Work to complete → A verbatim restatement of the data, free of pictures, is what you should output.

Supplied material →
****************

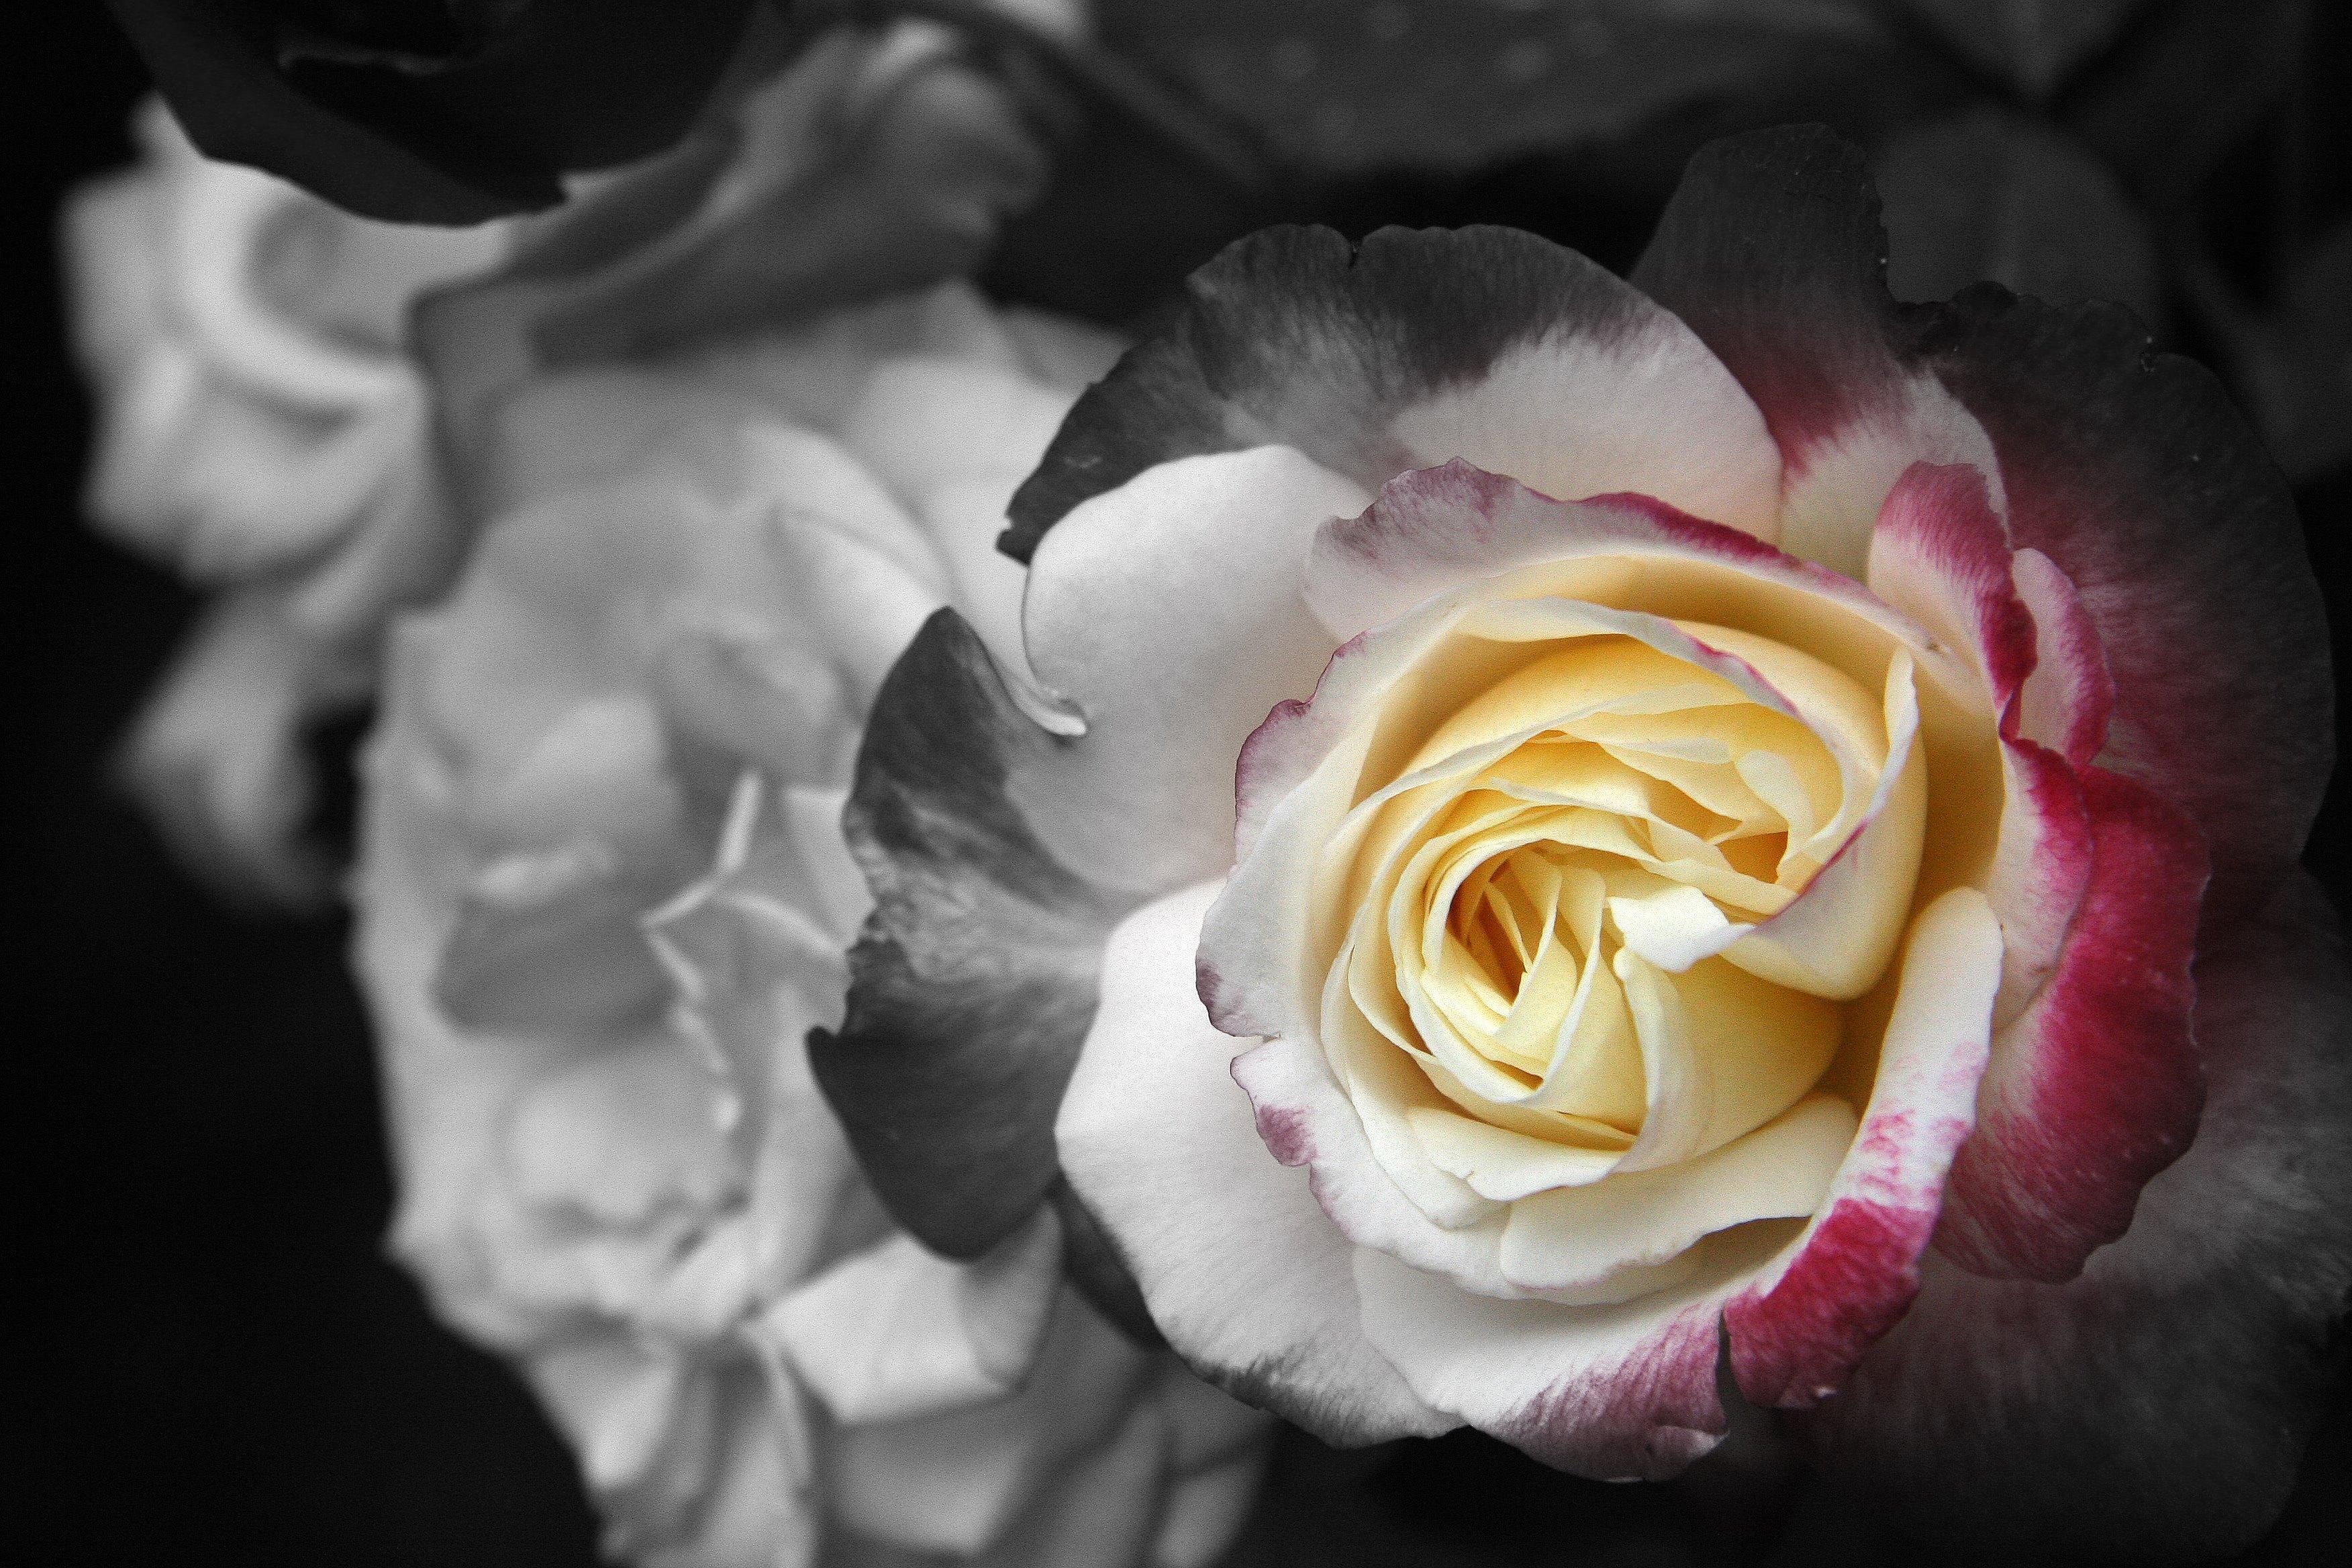 Multi roses focal bw 2
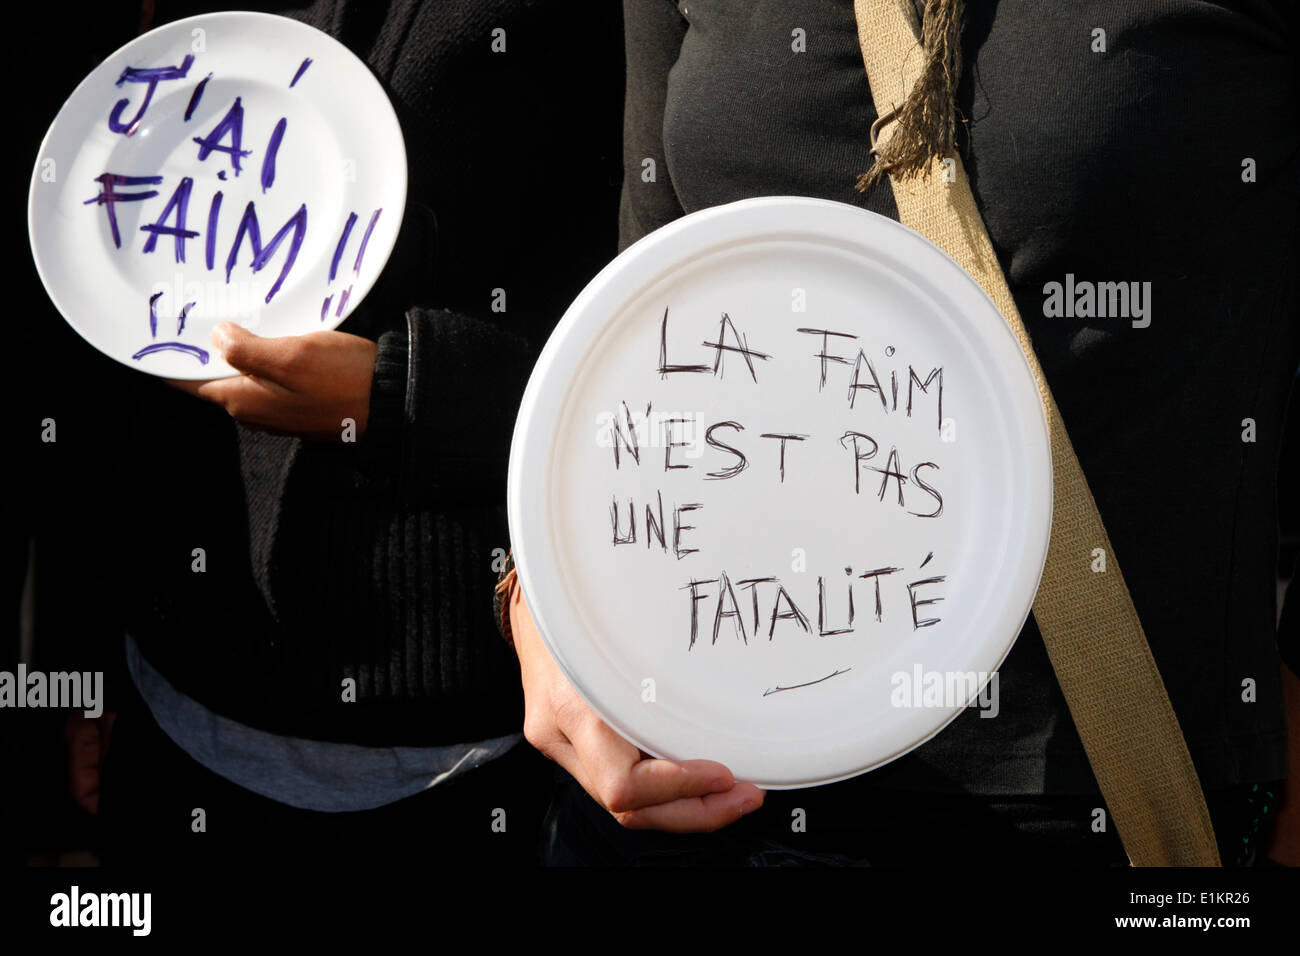 Manifestation contre la faim dans le monde avec l'ONG française CCFD. Photo Stock
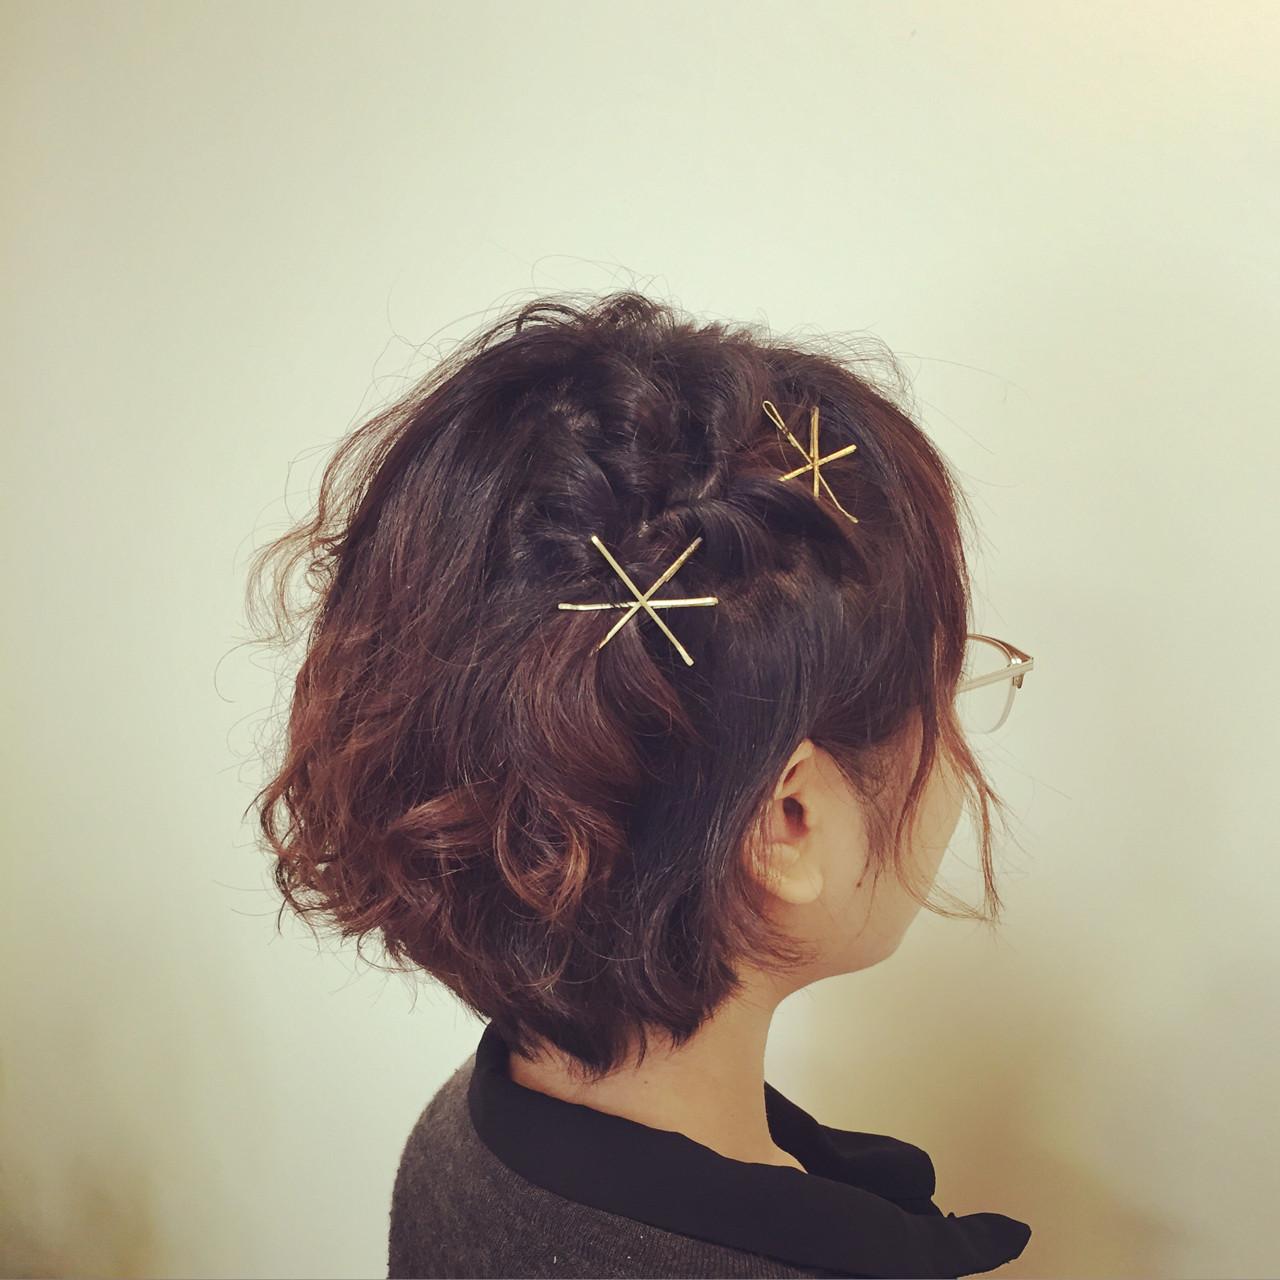 短くても可愛い髪型を楽しみたい!ショートヘアのアレンジ&セット法 いまむ

****************

Your response →
 Multi roses focal bw 2
 Manifestation contre la faim dans le monde avec l'ONG française CCFD. Photo Stock
 短くても可愛い髪型を楽しみたい!ショートヘアのアレンジ&セット法 いまむ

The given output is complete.